Mme Higgs doit faire appel de la décision du tribunal. 

"Je suis déçue de lire la décision du tribunal, mais j'ai l'intention de faire appel et de continuer à lutter pour la justice", a-t-elle déclaré.

«Je maintiens fermement que j'ai perdu mon emploi à cause de mes croyances chrétiennes, des croyances que notre société ne semble plus tolérer ni même comprendre.

«Parfois, je dois encore me pincer pour croire que j'ai perdu le travail que j'aimais à cause de mes croyances chrétiennes. Il est difficile de croire que l'école accepterait une plainte anonyme et la transposerait à tout cela.

«Où était la tolérance et la gentillesse de l'école envers moi? Où était la tentative de l'école de comprendre mon point de vue?

«J'ai partagé ces messages en tant que mère profondément préoccupée par l'éducation sexuelle obligatoire imposée à mon fils de 9 ans dans une école primaire de l'Église d'Angleterre. Ces opinions ont été comparées à celles d'un 'extrémiste de droite pro-nazi ', ce qui est très offensant pour moi et pour des millions de chrétiens à travers le monde.

"Je dois continuer à me battre pour la justice afin que personne d'autre n'ait à vivre ce que j'ai. Je veux que les parents aient la liberté d'élever leurs enfants conformément à leurs croyances chrétiennes, je veux que les jeunes enfants soient protégés de cela idéologie néfaste. Les chrétiens doivent aussi pouvoir partager leurs opinions et leurs croyances sans craindre de perdre leur emploi. "
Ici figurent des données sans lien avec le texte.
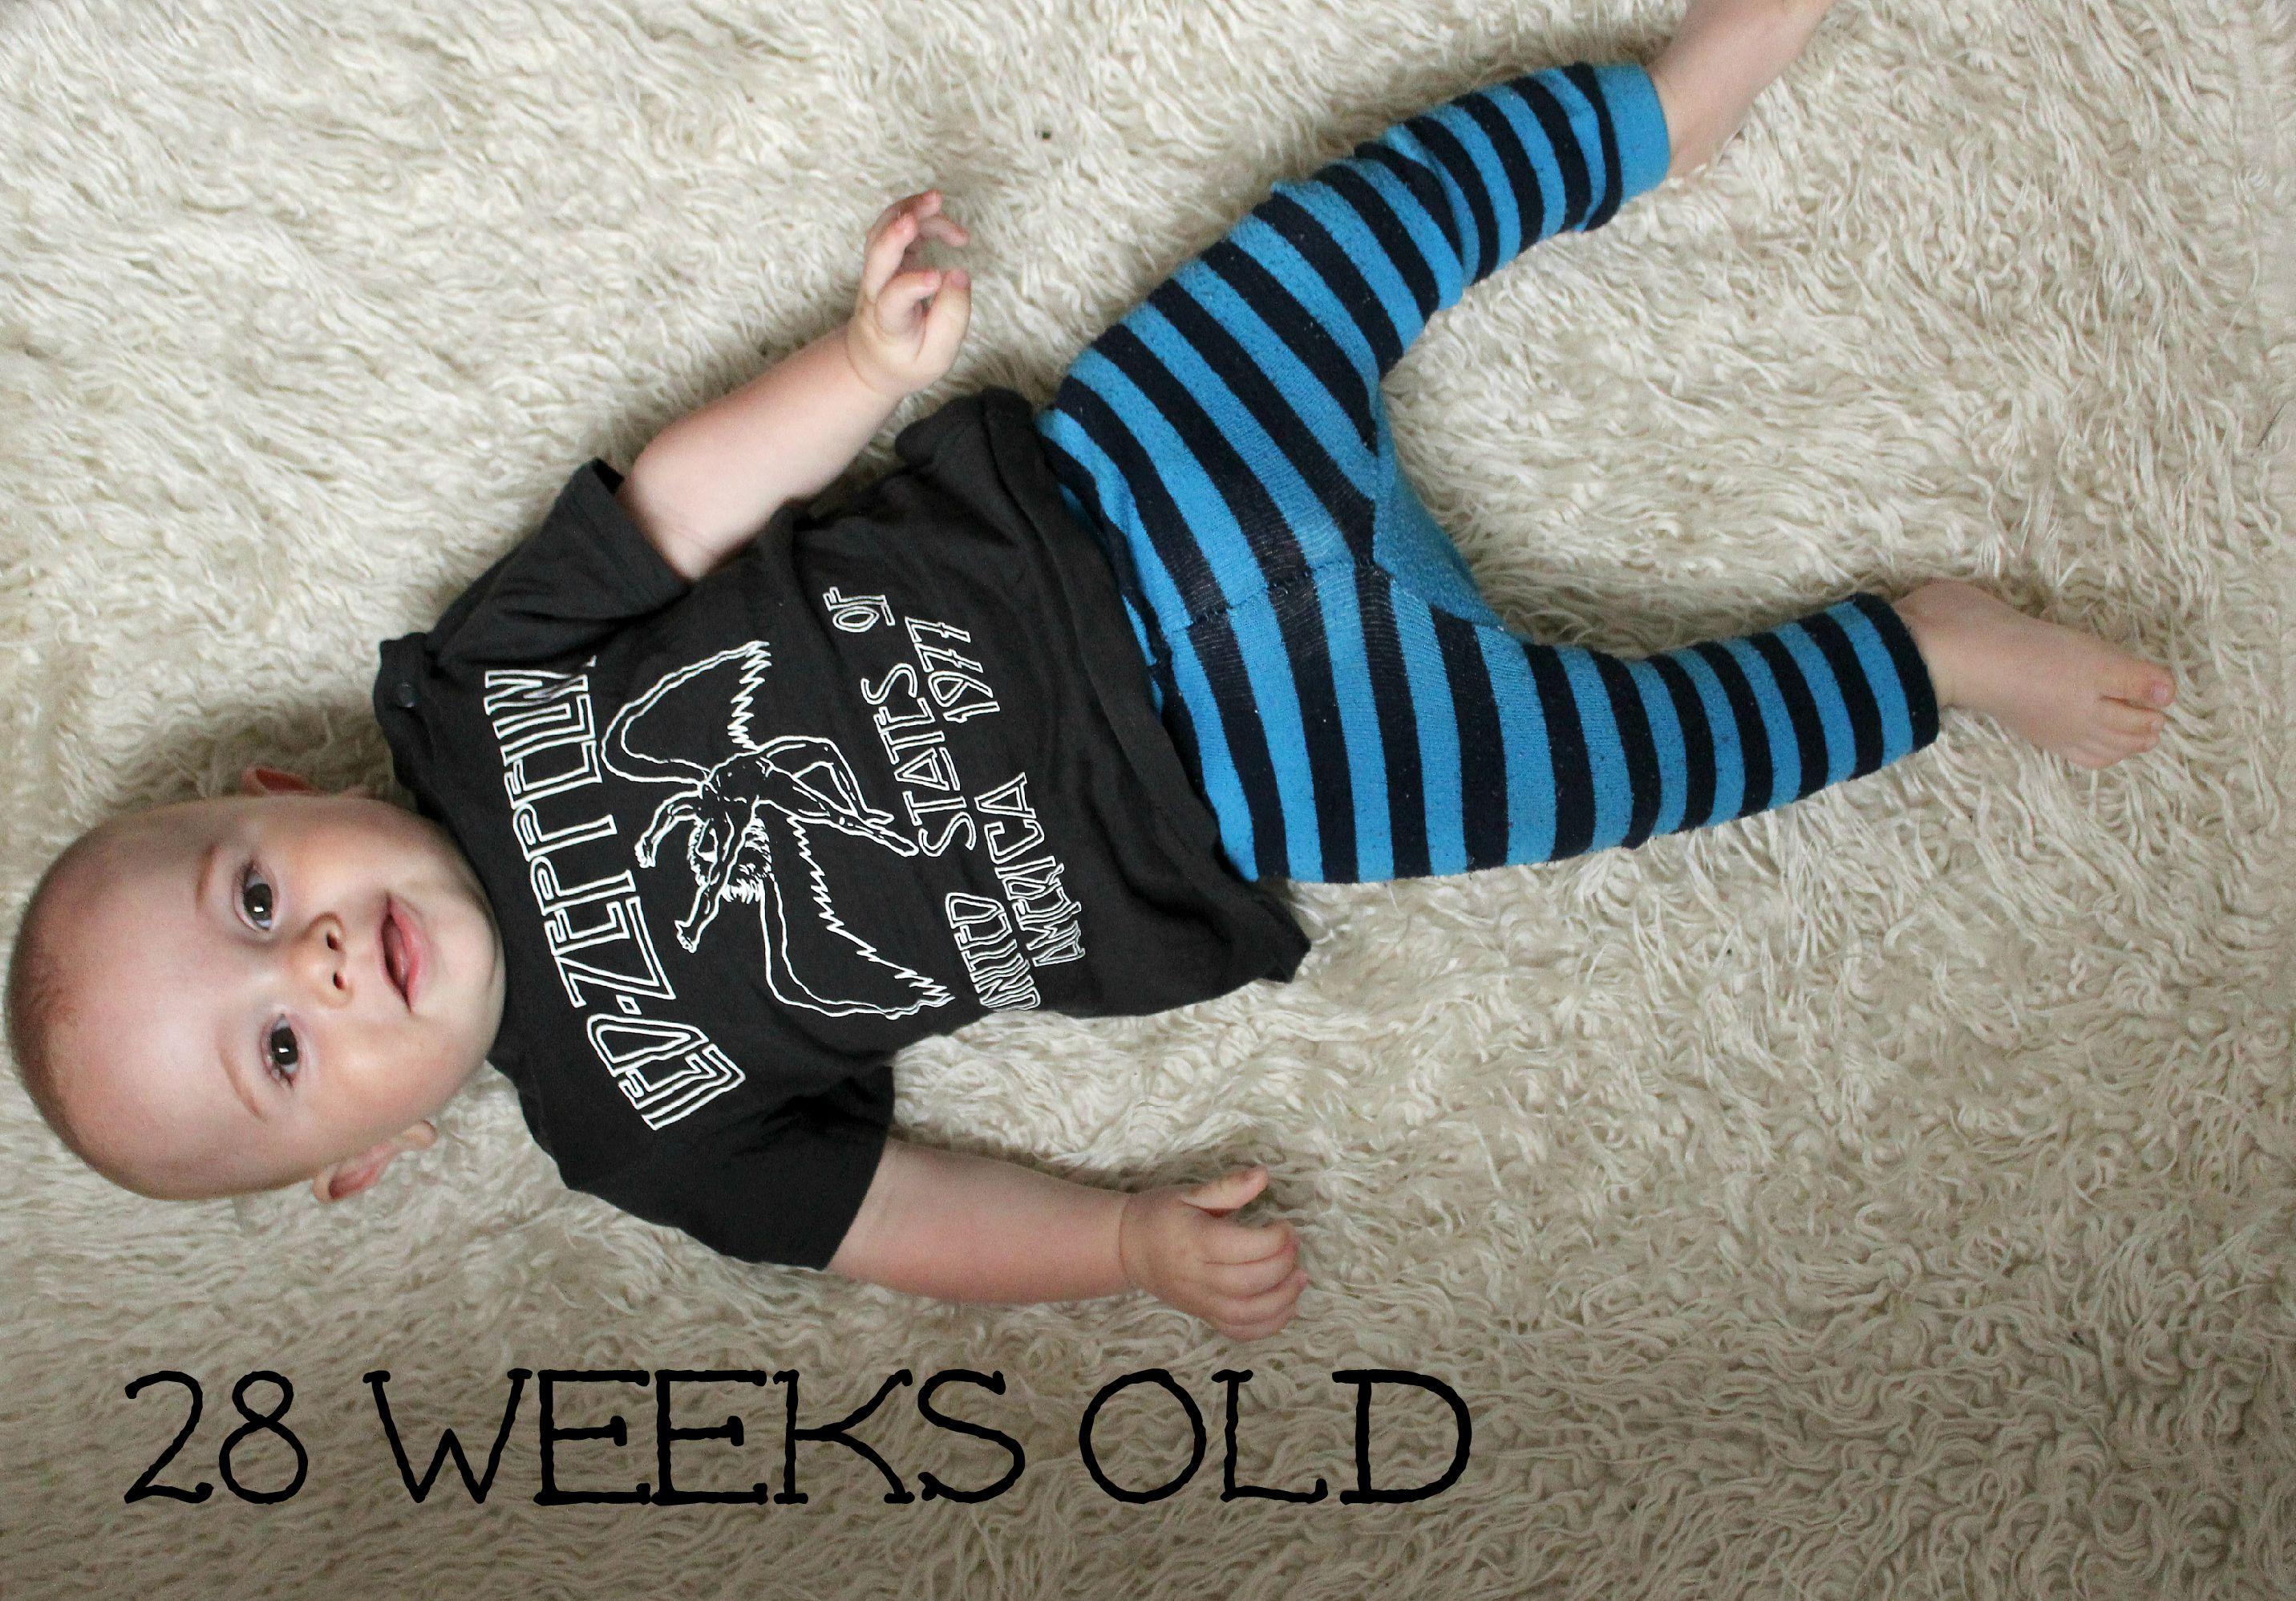 28 weeks old

Andrea Williams, directeur général du Christian Legal Center, a déclaré que le verdict était un coup dur pour la liberté religieuse.

"Ce jugement devrait concerner tous ceux d'entre nous qui se soucient de la liberté d'être un croyant chrétien au Royaume-Uni", a-t-elle déclaré. 

"Kristie aurait été licenciée, non pas pour les messages qu'elle a publiés, mais pour une interprétation délibérément déformée et méchante du contenu auquel elle était liée.

"Même si son message était privé pour sa famille et ses amis, elle est tenue pour responsable de ce que les autres pourraient en faire. Même si personne ne pense ou ne prétend réellement que Kristie a des opinions haineuses, elle est renvoyée parce qu'un 'ami' anonyme a déclaré ils l'étaient et parce que d'autres pourraient penser la même chose.

"Il est clair qu'aucun préjudice réel n'a été porté à la réputation de l'école du fait de ses publications, mais qu'elle a été limogée comme si c'était le cas. Les messages ne concernaient même pas l'école secondaire mais les livres lus en elle. l'école primaire de son fils.

"Cette audience a révélé cette injustice évidente et nous soutiendrons Kristie aussi longtemps que nécessaire pour renverser la situation."